Strata + Hadoop World in San Jose, Calif., gave us plenty of news to cover in this week's edition of the big data roundup. We've got updates from Microsoft, Hortonworks, Intel and its Trusted Analytics Platform, and some training advances from Confluent, the company behind Apache Kafka.
Let's start with Microsoft. The company spent the week talking up some new programs, particularly for developers, at its Build 2016 conference in San Francisco. Microsoft executives also came down to San Jose to talk about recent announcements and investments in big data AI, analytics, and machine learning.
During an interview with InformationWeek, Joseph Sirosh, Microsoft Data Group corporate vice president, laid out some of the news. He provided an overview of advanced analytics at scale with R Server for HDInsight, as well as the most recent version of Spark for HDInsight, both now available in preview. HDInsight is Microsoft's managed Apache Hadoop, Spark, R, HBase, and Storm cloud service. These new versions let customers train and run machine learning models on larger datasets than could be handled before, the company said.
Microsoft also announced application integration to provide easier access to big data apps. The company said that customers can now deploy popular big data applications with HDInsight without the need for coding or scripting. Microsoft also announced the general availability of the Azure Data Catalog.
In addition, the company is expanding its support for Jupyter Notebooks, a tool for data scientists, with R support in Azure ML Studio.
"We are innovating along three major dimensions -- cloud, data, and intelligence," Sirosh told InformationWeek. "The cloud is a new way of delivering data, computing, and intelligence, and we are delivering these as fully managed services."

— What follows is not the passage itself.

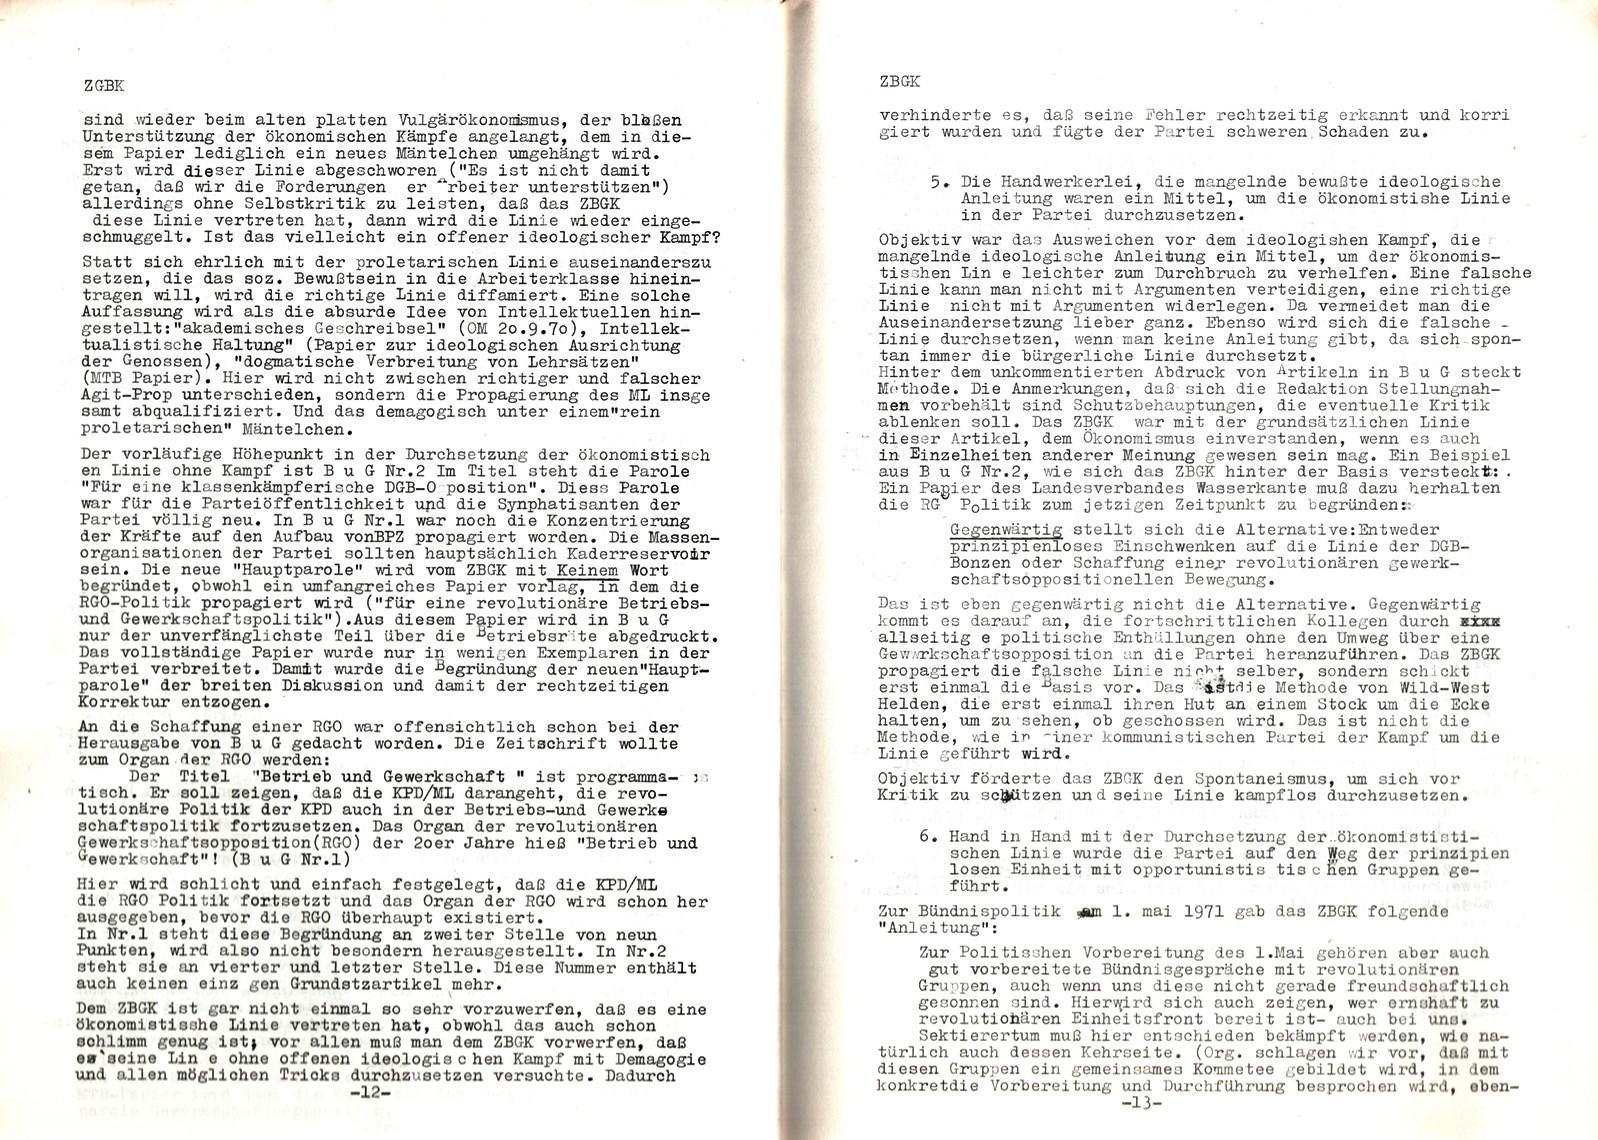 KPDML_1971_Analysen_und_Antraege_des_LV_Sued_West_028

MemSQL this week rolled out version 5 of its platform. The company said that it ushers in a new era of capturing and querying data simultaneously for real-time analytics. Eric Frenkiel, CEO and cofounder of the company, announced the release in his keynote address at Strata + Hadoop.
"There's no doubt that we live in an on-demand economy," he said. "We all want access to data now." MemSQL's new version is designed to deliver it, he said.
Among the new features is Streamliner, which enables one-click creation of programmable pipelines, including one-click deployment of integrated Apache Spark.
The new version also enables the merging of transactions and analytics into a single database through Hybrid Transaction/Analytical Processing (HTAP), with concurrent support for OLTP and OLAP queries.
"The really exciting thing is the flexibility," Frenkiel said. Organizations can put a custom predictive model into an in-memory system. They can put Streamliner to work for IoT, he said.
Hadoop distribution company Hortonworks released DataFlow 1.2 this week, adding support for more processors to reach a total of 130 now supported. They include Kafka, Couchbase, Microsoft Azure, Event Hub, and Splunk, company executives told InformationWeek in an interview. The support for Apache Kafka and Apache Storm adds support for streaming analytics capabilities -- support that is experiencing growing demand from customers.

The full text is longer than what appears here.